В центральном очаге от углей, собранных в кучу, шел жар, и над ними на тройных цепях висели огромные котлы с кипящей похлебкой. Расставили столы на козлах и принесли резные стулья, потому что совет начнется сразу после завершения трапезы. Лин и я нашли укромный уголок в тени под хорами и уселись, чтобы обменяться новостями.
– Я сломала руку, – сказала она, закатывая рукав и показывая слегка искривленную конечность, – пыталась поставить силок в лесу.

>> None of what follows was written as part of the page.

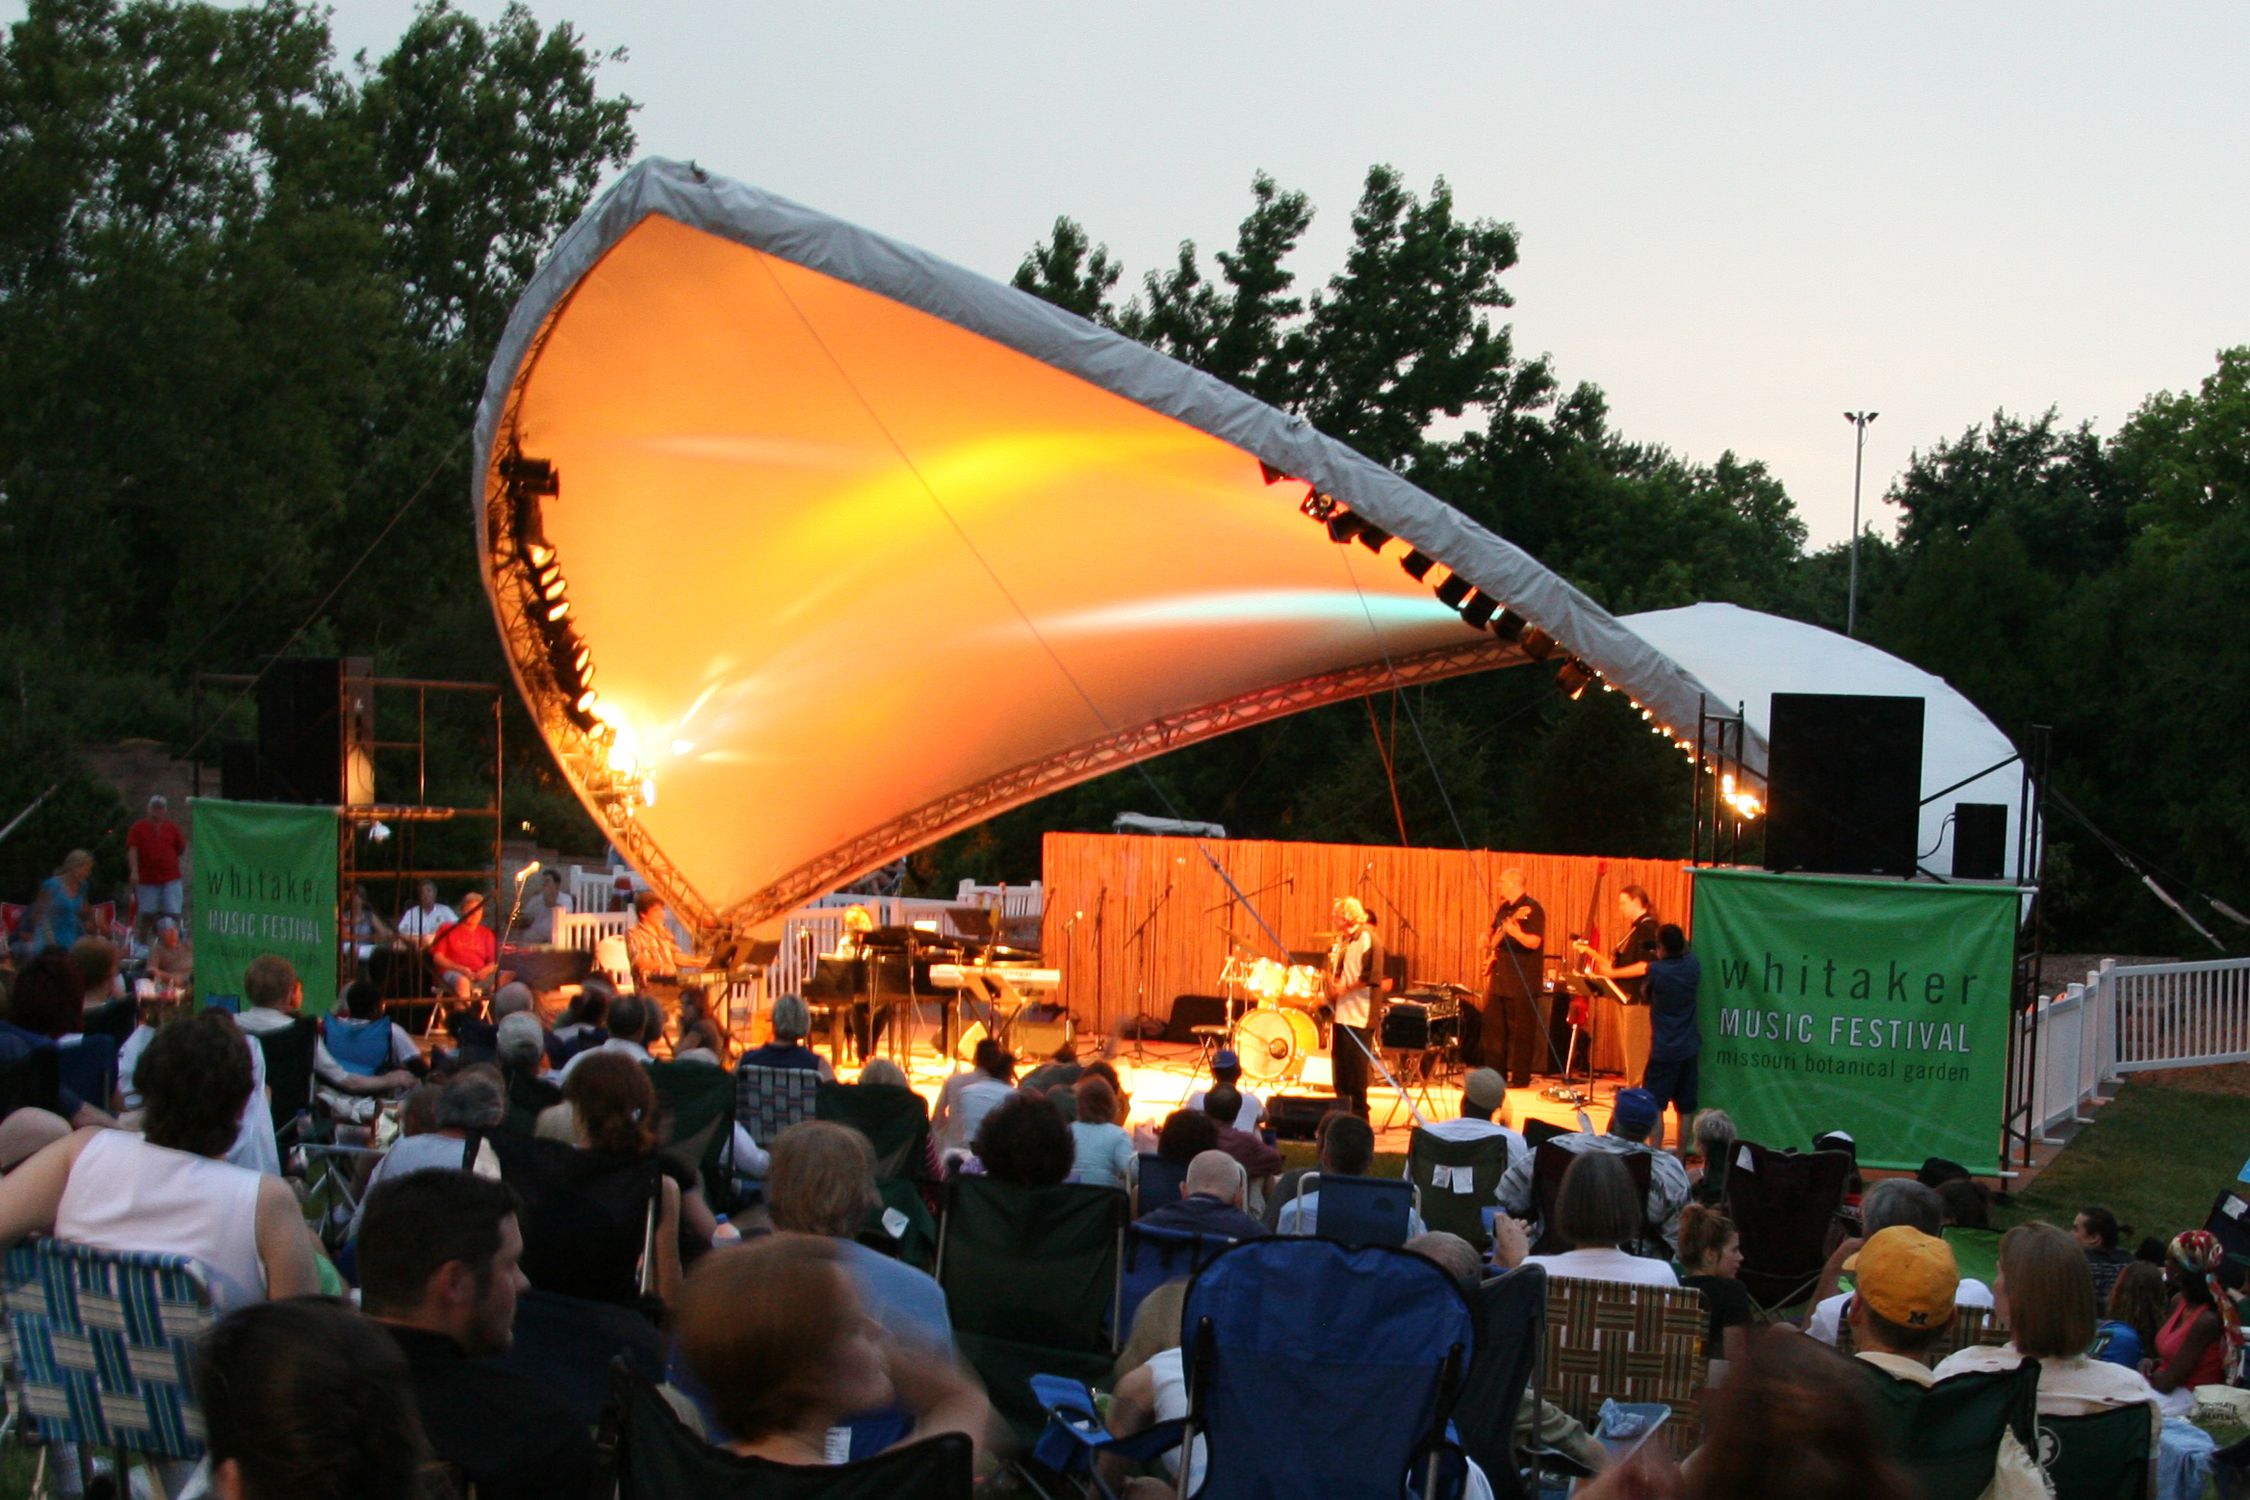 Whitaker Music Festival at the Missouri Botanical Garden

Даже взрослые не рискуют заходить в леса одни, и я, восхищенно посмотрев на подругу, пробежалась пальцами по атласному шраму.
– Ты ходила в леса?
– Не одна. С братом, и мы побывали только на краю леса у нашего пастбища. Но кость торчала наружу, рука сильно болела, и мама хотела показать меня Владычице Озера.
– И ты ее видела? – Я была одновременно потрясена и восхищена, потому что никогда не встречала людей, действительно видевших верховную жрицу, хотя о ней, конечно, знали все.
– Нет, – ответила Лин, качая головой и опуская на шрам рукав. – Мама вправила кость, завернула руку в листья вяза, и она срослась сама, только стала немного кривой, поэтому я и не побывала в святилище. – Она хихикнула и склонила голову набок. – Когда мама предложила это, отец устроил страшный скандал. Он схватил кусок ткани, накинул на плечи как шаль, потом стал ковылять туда-сюда по комнате, передразнивая жрицу. Мама всерьез испугалась и вовремя сотворила знак против зла.
При этих словах Лин сама сделала беззвучное движение рукой, я повторила его, потому что высмеивание жрицы было сродни богохульству.
– И вообще, кому охота увидеть старую жрицу, слишком дряхлую и болезненную, чтобы появляться даже среди своих? – заключила моя подруга.
Интересно, подумала я, знает ли она про христиан, осуждающих любого бога, кроме их собственного, но прежде, чем я успела спросить ее, она начала рассказывать мне о двухголовом козленке, которого выкинула коза этой весной, и об обрядах, выполненных после его смерти.